Who Owns Your Data?

Scott Hanselman published an interesting blog post (Your words are
wasted
) this past weekend that discusses ownership of user-generated
content in social media. While Scott’s post was primarily concerned
with blogging and related social media services like Twitter, Facebook
and Google+, I think it raises questions about data ownership with any
web or cloud applications1
and I think it is important to consider the risks that come with storing
your data in a cloud application.

Your Data is Being Held Hostage

Data backup is an important issue to address. The application provider
may or may not provide a backup feature. For example, 37signals and
Google do have options for dumping your data but many others
including Twitter do not. Even with a data backup feature, there is no
guarantee that you will get all of data or get it in a format that can
be consumed by a similar application. In other words, just because you
can dump data from one application does not mean that it can be easily
loaded into another.

Since the service provider has access to all of your data, they can use
it to build a profile for advertising purposes. This is how most of the
“free” services operate. They mine your data and sell that information
to advertisers. This can include watching how you use the application,
looking at your social graphs and even tracking you across other sites
on the internet. Most of the social media buttons you see on other sites
are there for the express purpose of tracking users so that they can
build a more attractive profile for advertising.

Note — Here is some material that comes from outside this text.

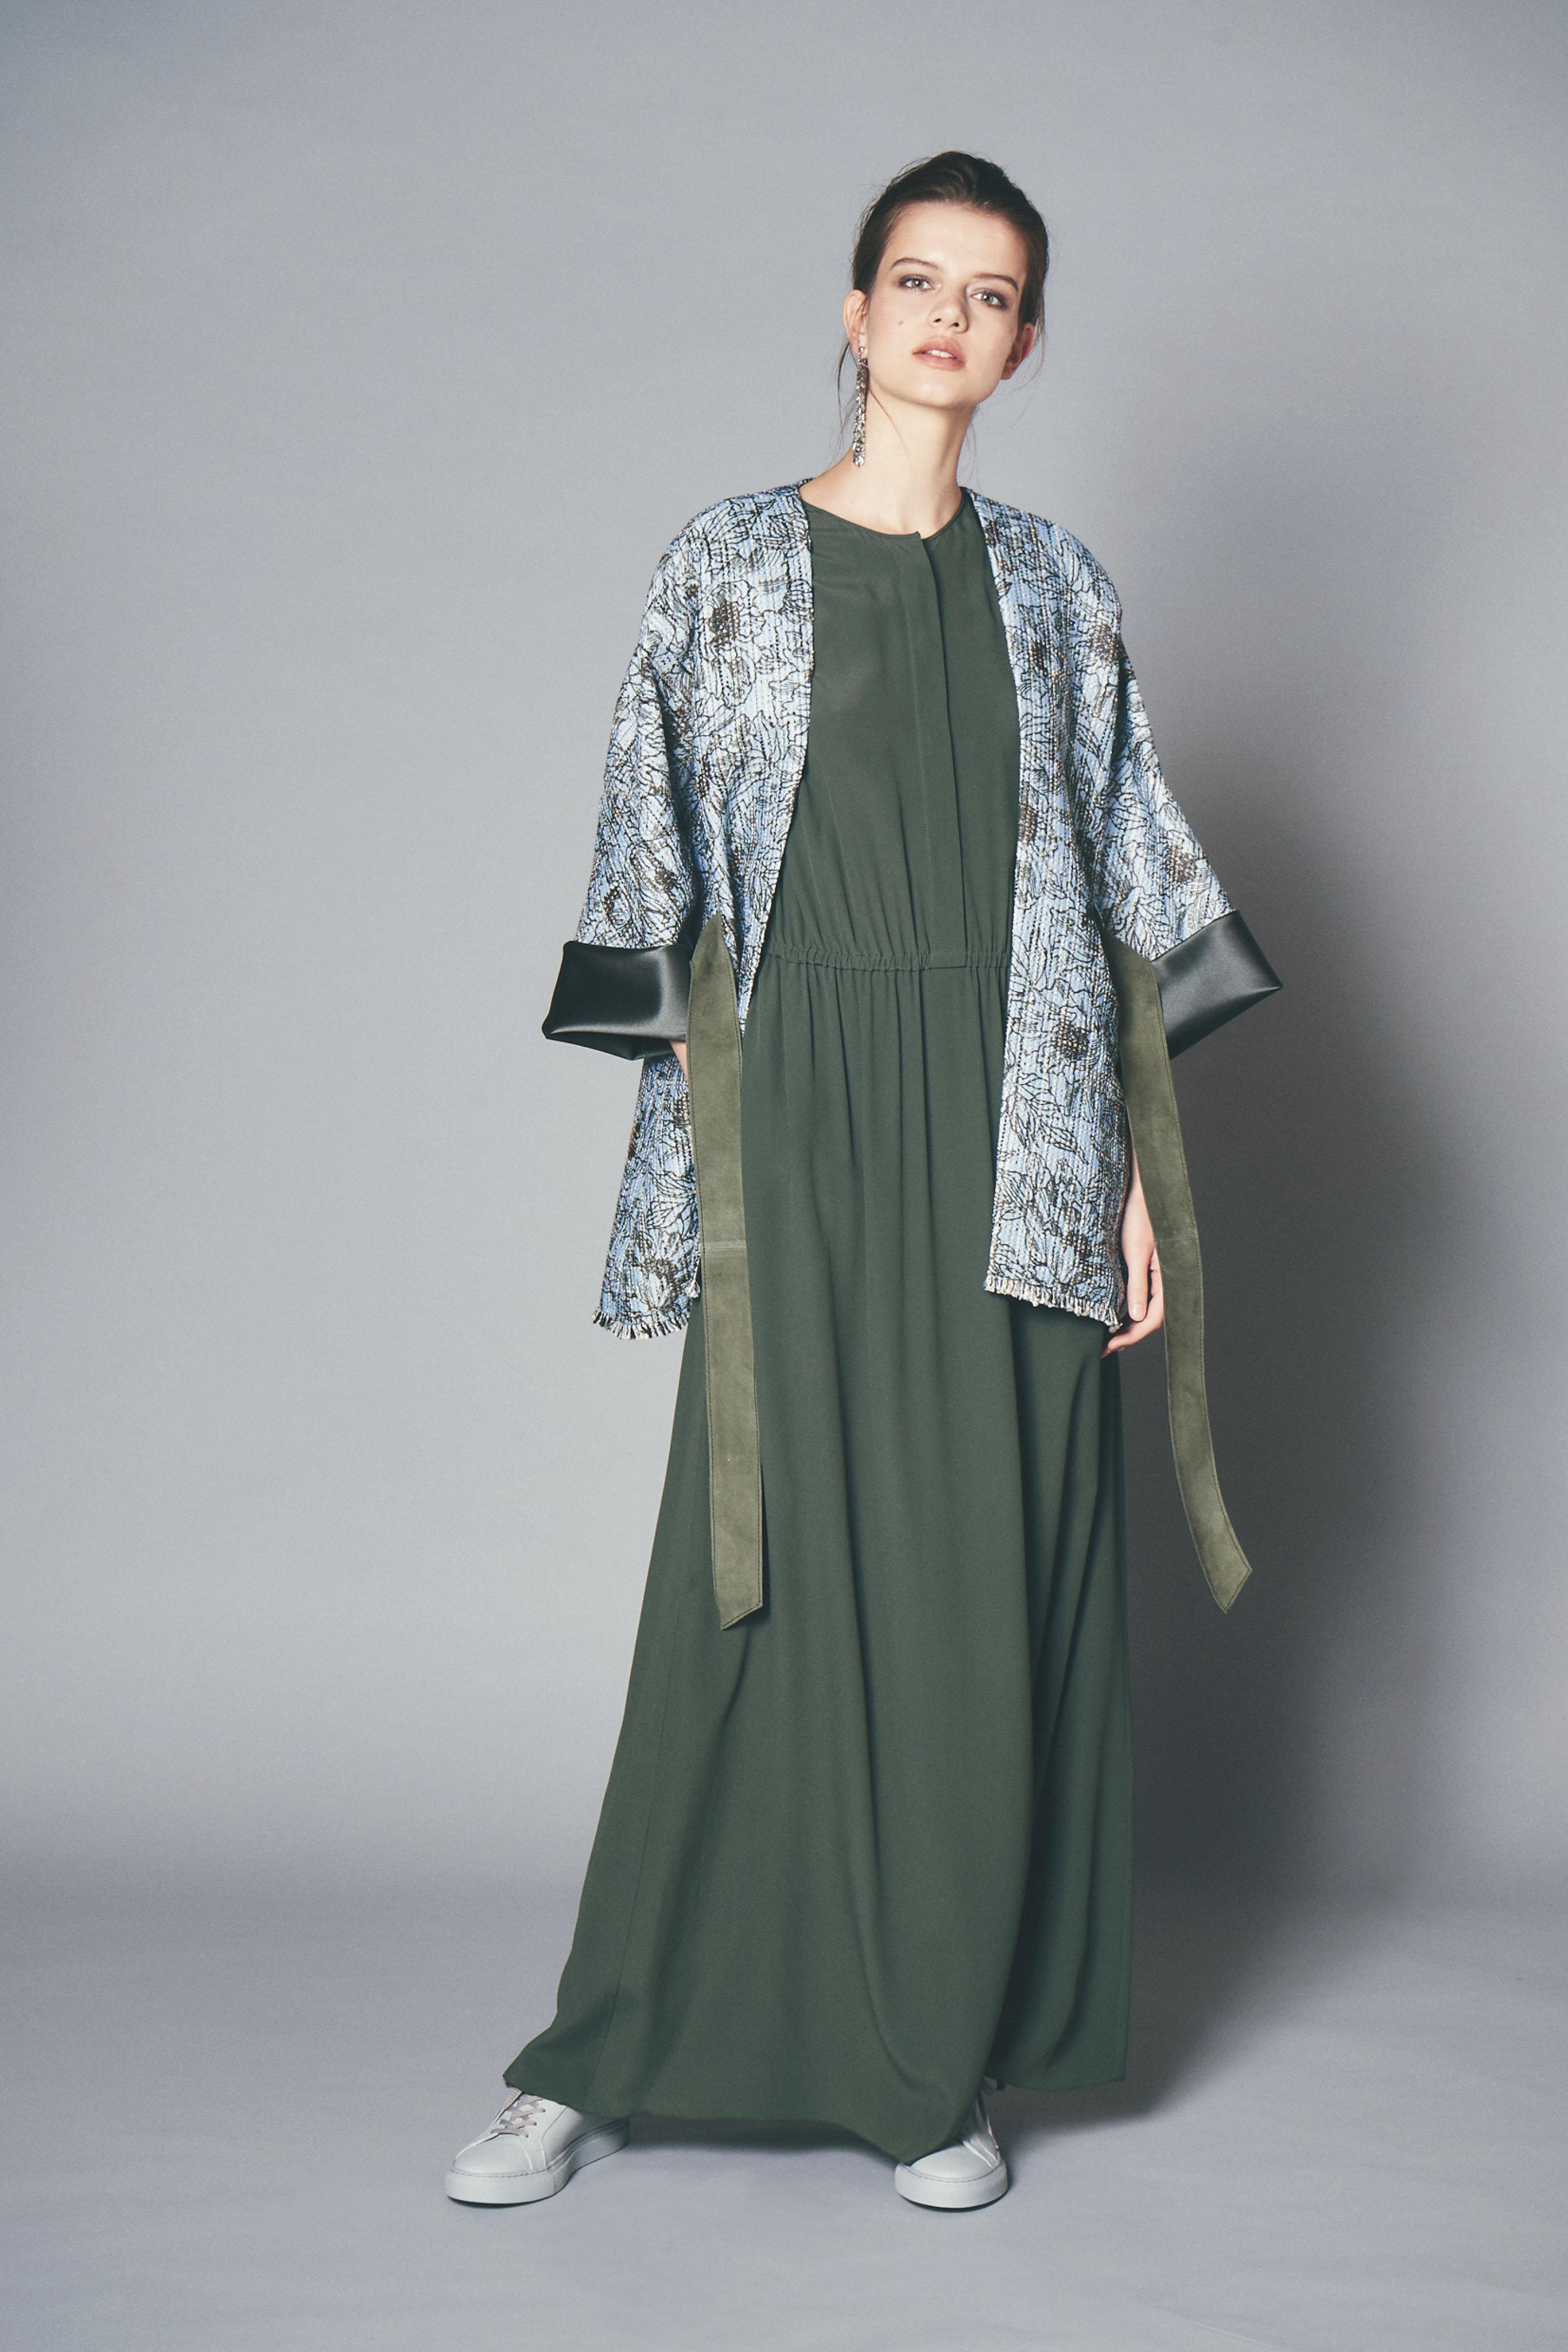 Les Copains pre collezione 2020

It is always good to remember that when using any cloud application your
data is at the mercy of the service provider.

Some Providers are Better Than Others

The first risk to consider is that the provider may go out of business
or get acquired and shut down by the new owners. (If you think Facebook
and Twitter are too big to fail, please remember that not too terribly
long ago people were saying the same thing about MySpace and Digg.) In
either scenario, your data is now gone. If you are lucky, the
application will be shut down gracefully and provide the opportunity to
download a copy of your data before it goes dark.

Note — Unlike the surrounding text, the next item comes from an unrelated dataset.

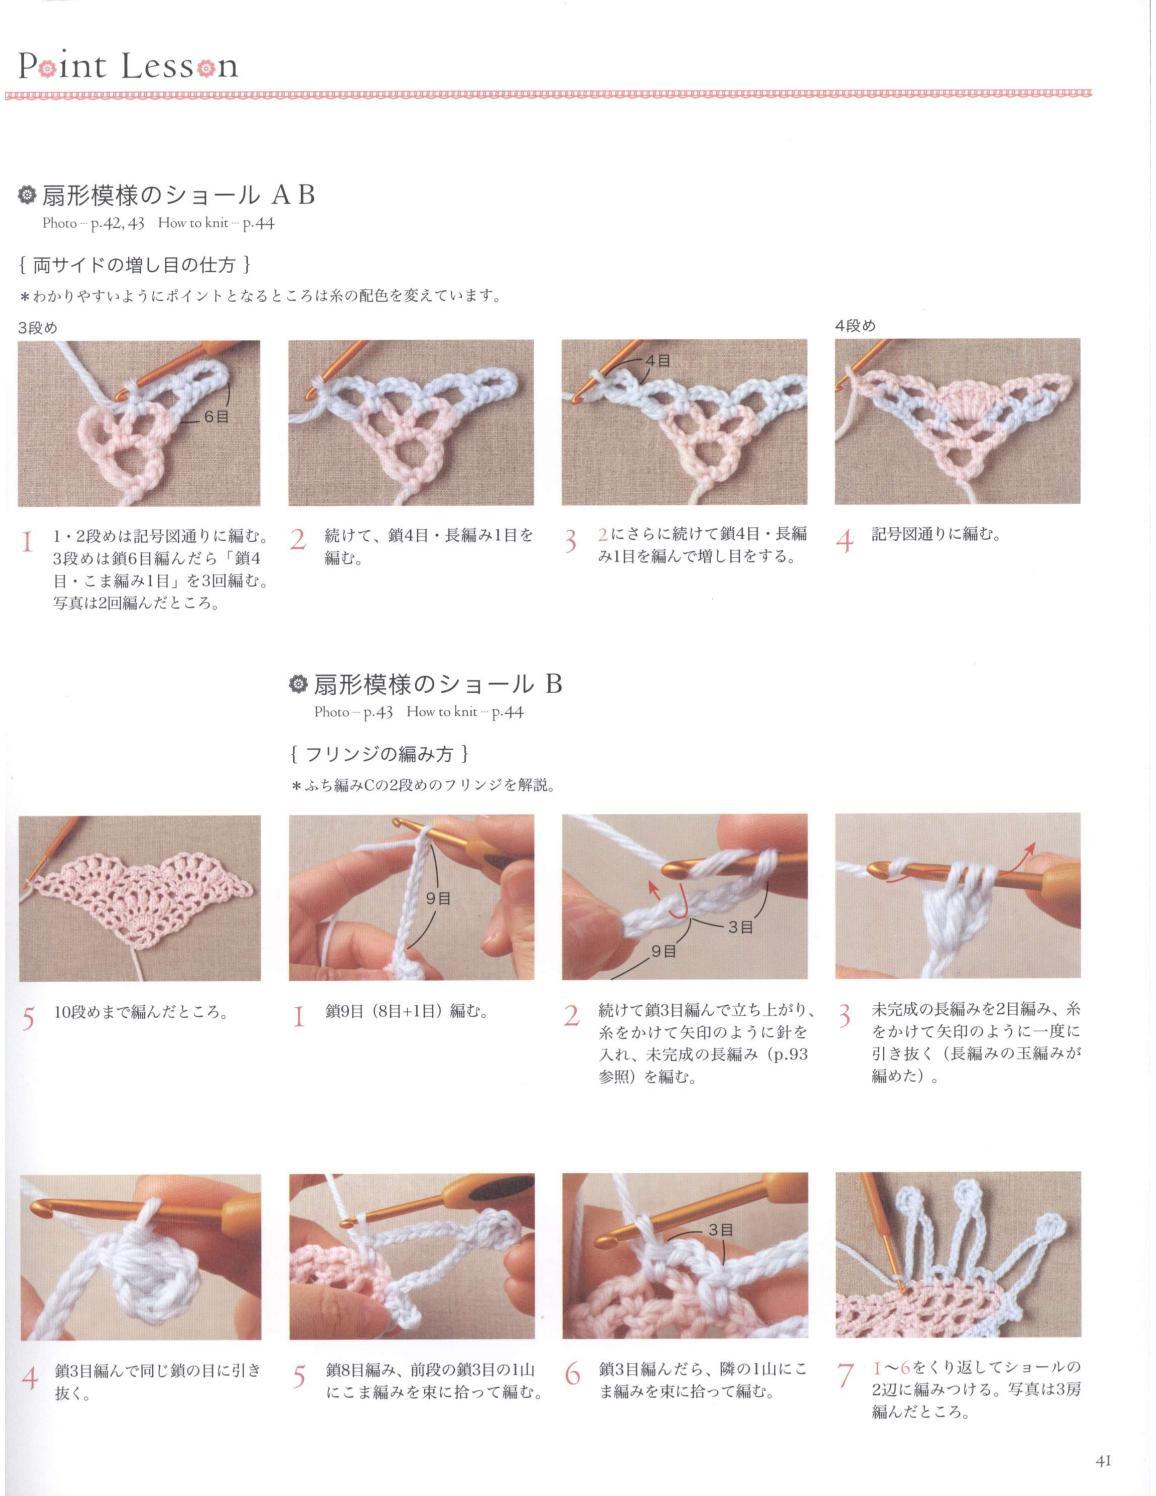 Asahi original crochet best selection 2012 page 41

There is also the risk of the application provider making radical
changes to the terms of service. Facebook is infamous for making
changes to their privacy policy and terms of service. In more recent
news, Twitter is making a radical change in the usage terms for its API and
killing off third-party clients. Providers can also make radical changes
in the pricing of their application. While not much of a concern for
“free” applications, it is something to think about if you pay a
subscription fee for use of an application. The danger here is that once
you are heavily vested in an application, moving to a different
application may be more painful than simply accepting some onerous new
terms or a price increase.

Where Do We Go From Here?

Despite the risks listed above, I do not think that all cloud
applications are bad. Most cloud applications are running in data
centers that are more sophisticated and robust than our personal
computers and mobile devices. Honestly, having access to my data on all
my devices is a killer feature and it is not something I want to part
with any time soon. I just wish there was a way to have all the
advantages of cloud applications while still retaining full control and
ownership of my data. If I can find some free time I want to look into
what it would take to install and configure some
FLOSS
cloud applications on Amazon EC2 or Rackspace Cloud Server. In
essence I would like to build my own “personal cloud”. But that is
something for a future post.

1 For the purpose of this
discussion, I am limiting cloud applications to software-as-a-service
(SaaS) offerings and social media platforms.